> [Problem details]:
Would you retype the records below exactly as they appear?

[Records from a data source]
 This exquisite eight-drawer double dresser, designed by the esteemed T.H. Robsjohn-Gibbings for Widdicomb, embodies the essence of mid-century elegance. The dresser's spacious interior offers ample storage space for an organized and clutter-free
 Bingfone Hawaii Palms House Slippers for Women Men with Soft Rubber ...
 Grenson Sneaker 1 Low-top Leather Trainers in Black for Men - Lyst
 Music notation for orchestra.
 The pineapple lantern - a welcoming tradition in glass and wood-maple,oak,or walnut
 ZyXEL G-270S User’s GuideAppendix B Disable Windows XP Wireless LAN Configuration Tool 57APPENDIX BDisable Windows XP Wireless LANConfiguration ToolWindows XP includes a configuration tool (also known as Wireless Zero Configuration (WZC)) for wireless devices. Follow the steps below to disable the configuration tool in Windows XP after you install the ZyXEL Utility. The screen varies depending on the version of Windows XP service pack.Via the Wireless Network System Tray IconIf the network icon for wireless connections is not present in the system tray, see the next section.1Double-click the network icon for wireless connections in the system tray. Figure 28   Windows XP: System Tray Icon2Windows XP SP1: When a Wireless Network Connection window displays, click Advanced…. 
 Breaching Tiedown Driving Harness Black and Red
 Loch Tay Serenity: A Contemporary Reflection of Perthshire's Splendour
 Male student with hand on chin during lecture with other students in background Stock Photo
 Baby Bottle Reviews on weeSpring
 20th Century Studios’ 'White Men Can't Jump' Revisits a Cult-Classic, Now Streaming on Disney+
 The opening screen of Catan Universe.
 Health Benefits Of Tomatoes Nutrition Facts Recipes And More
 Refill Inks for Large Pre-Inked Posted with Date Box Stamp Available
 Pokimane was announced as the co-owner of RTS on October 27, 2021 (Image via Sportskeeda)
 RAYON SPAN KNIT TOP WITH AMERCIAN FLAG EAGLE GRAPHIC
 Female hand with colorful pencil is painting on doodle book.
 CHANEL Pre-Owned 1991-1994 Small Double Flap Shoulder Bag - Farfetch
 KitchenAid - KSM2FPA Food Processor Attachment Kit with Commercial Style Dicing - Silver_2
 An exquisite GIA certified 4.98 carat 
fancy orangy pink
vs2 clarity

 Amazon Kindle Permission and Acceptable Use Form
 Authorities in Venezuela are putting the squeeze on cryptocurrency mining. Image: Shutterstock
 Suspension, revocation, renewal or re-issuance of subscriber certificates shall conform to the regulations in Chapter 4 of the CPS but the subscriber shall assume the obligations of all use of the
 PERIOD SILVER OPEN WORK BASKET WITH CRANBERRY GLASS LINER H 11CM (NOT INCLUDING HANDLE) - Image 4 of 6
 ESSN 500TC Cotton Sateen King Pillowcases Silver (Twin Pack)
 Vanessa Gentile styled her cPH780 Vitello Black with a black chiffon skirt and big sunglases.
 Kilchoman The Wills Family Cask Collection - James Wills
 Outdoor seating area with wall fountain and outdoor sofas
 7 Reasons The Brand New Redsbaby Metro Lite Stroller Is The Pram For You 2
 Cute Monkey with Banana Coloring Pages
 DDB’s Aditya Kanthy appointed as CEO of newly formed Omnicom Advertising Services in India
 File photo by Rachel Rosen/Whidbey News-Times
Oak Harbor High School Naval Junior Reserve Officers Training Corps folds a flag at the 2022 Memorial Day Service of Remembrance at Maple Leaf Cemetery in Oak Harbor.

> [Answer section]:
 This exquisite eight-drawer double dresser, designed by the esteemed T.H. Robsjohn-Gibbings for Widdicomb, embodies the essence of mid-century elegance. The dresser's spacious interior offers ample storage space for an organized and clutter-free
 Bingfone Hawaii Palms House Slippers for Women Men with Soft Rubber ...
 Grenson Sneaker 1 Low-top Leather Trainers in Black for Men - Lyst
 Music notation for orchestra.
 The pineapple lantern - a welcoming tradition in glass and wood-maple,oak,or walnut
 ZyXEL G-270S User’s GuideAppendix B Disable Windows XP Wireless LAN Configuration Tool 57APPENDIX BDisable Windows XP Wireless LANConfiguration ToolWindows XP includes a configuration tool (also known as Wireless Zero Configuration (WZC)) for wireless devices. Follow the steps below to disable the configuration tool in Windows XP after you install the ZyXEL Utility. The screen varies depending on the version of Windows XP service pack.Via the Wireless Network System Tray IconIf the network icon for wireless connections is not present in the system tray, see the next section.1Double-click the network icon for wireless connections in the system tray. Figure 28   Windows XP: System Tray Icon2Windows XP SP1: When a Wireless Network Connection window displays, click Advanced…. 
 Breaching Tiedown Driving Harness Black and Red
 Loch Tay Serenity: A Contemporary Reflection of Perthshire's Splendour
 Male student with hand on chin during lecture with other students in background Stock Photo
 Baby Bottle Reviews on weeSpring
 20th Century Studios’ 'White Men Can't Jump' Revisits a Cult-Classic, Now Streaming on Disney+
 The opening screen of Catan Universe.
 Health Benefits Of Tomatoes Nutrition Facts Recipes And More
 Refill Inks for Large Pre-Inked Posted with Date Box Stamp Available
 Pokimane was announced as the co-owner of RTS on October 27, 2021 (Image via Sportskeeda)
 RAYON SPAN KNIT TOP WITH AMERCIAN FLAG EAGLE GRAPHIC
 Female hand with colorful pencil is painting on doodle book.
 CHANEL Pre-Owned 1991-1994 Small Double Flap Shoulder Bag - Farfetch
 KitchenAid - KSM2FPA Food Processor Attachment Kit with Commercial Style Dicing - Silver_2
 An exquisite GIA certified 4.98 carat 
fancy orangy pink
vs2 clarity

 Amazon Kindle Permission and Acceptable Use Form
 Authorities in Venezuela are putting the squeeze on cryptocurrency mining. Image: Shutterstock
 Suspension, revocation, renewal or re-issuance of subscriber certificates shall conform to the regulations in Chapter 4 of the CPS but the subscriber shall assume the obligations of all use of the
 PERIOD SILVER OPEN WORK BASKET WITH CRANBERRY GLASS LINER H 11CM (NOT INCLUDING HANDLE) - Image 4 of 6
 ESSN 500TC Cotton Sateen King Pillowcases Silver (Twin Pack)
 Vanessa Gentile styled her cPH780 Vitello Black with a black chiffon skirt and big sunglases.
 Kilchoman The Wills Family Cask Collection - James Wills
 Outdoor seating area with wall fountain and outdoor sofas
 7 Reasons The Brand New Redsbaby Metro Lite Stroller Is The Pram For You 2
 Cute Monkey with Banana Coloring Pages
 DDB’s Aditya Kanthy appointed as CEO of newly formed Omnicom Advertising Services in India
 File photo by Rachel Rosen/Whidbey News-Times
Oak Harbor High School Naval Junior Reserve Officers Training Corps folds a flag at the 2022 Memorial Day Service of Remembrance at Maple Leaf Cemetery in Oak Harbor.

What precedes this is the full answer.